In other words, prayer doesn’t just have a divine aim, it also has a divine origin. Now just think about that. Prayer comes from Him to you, just as prayer goes from you to Him. Prayer is the Father’s gift to you. You know, parents today a lot of times will give their kid a cell phone so the kid can call home no matter what. Well, the cell phone comes from the parent to the child, and the call for help comes from the child to the parent. Well, prayer’s a bit like that. Your heavenly Father-Mother God has given you a way to call on Him. As you and I remember that, and as we do call on Him for help, I don’t think we’re ever going to have to fear that prayer’s not up to the task, or that prayer is just preaching without practice.
spirituality.com host: Well, that was just such a wonderful comment, Channing. Do you have anything else you’d like to add before we close? That was just so great.

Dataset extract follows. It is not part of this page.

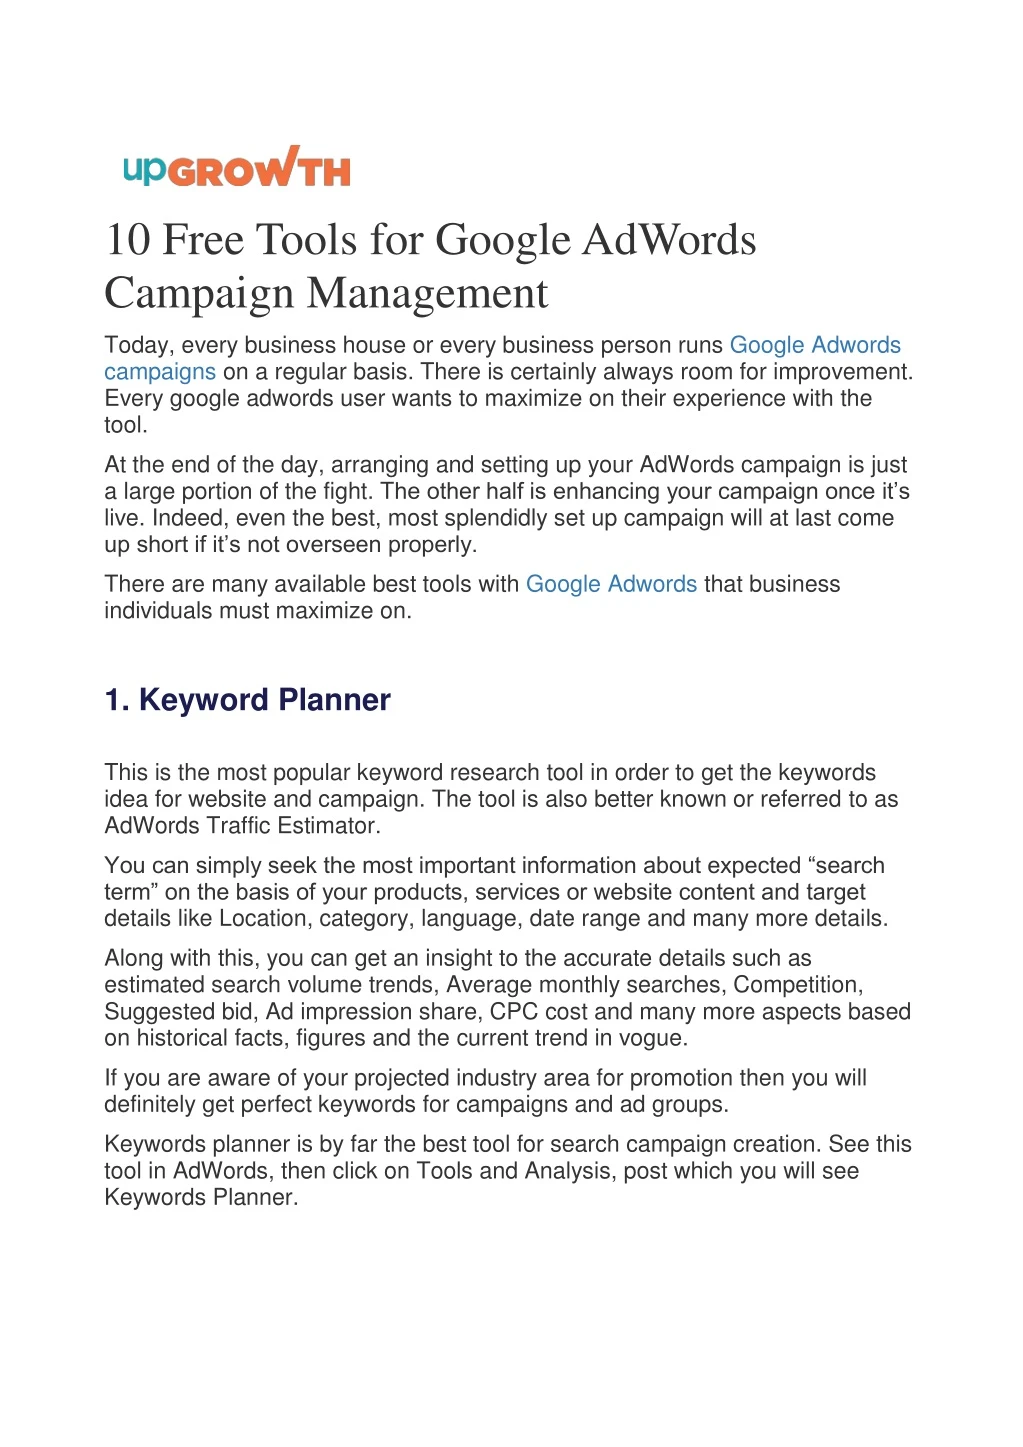 10 free tools for google adwords campaign

Channing: I’ll just say very, very briefly and I promise this will be super brief, there is one passage in the Bible that I don’t think we got around to talking about today. It’s a passage that says: “Humble yourselves in the sight of the Lord, and he shall lift you up.” And that would be a pretty great spiritual fact to take with you from today’s chat. Right at the moment when discouragement tries to crowd into one’s thought, right when a feeling of decline seems way too persistent, right then is when He shall lift you up. Right then is when He is right there with you, sustaining you and caring for you and not letting you fall. Right then is when His lifting up action is occurring on your behalf. Right then the Father holds you up high, lifts you to the point where you can see the path forward, can see the promise of healing, and can see that the promise is inevitable and is irresistible. I’ll let that be the final word.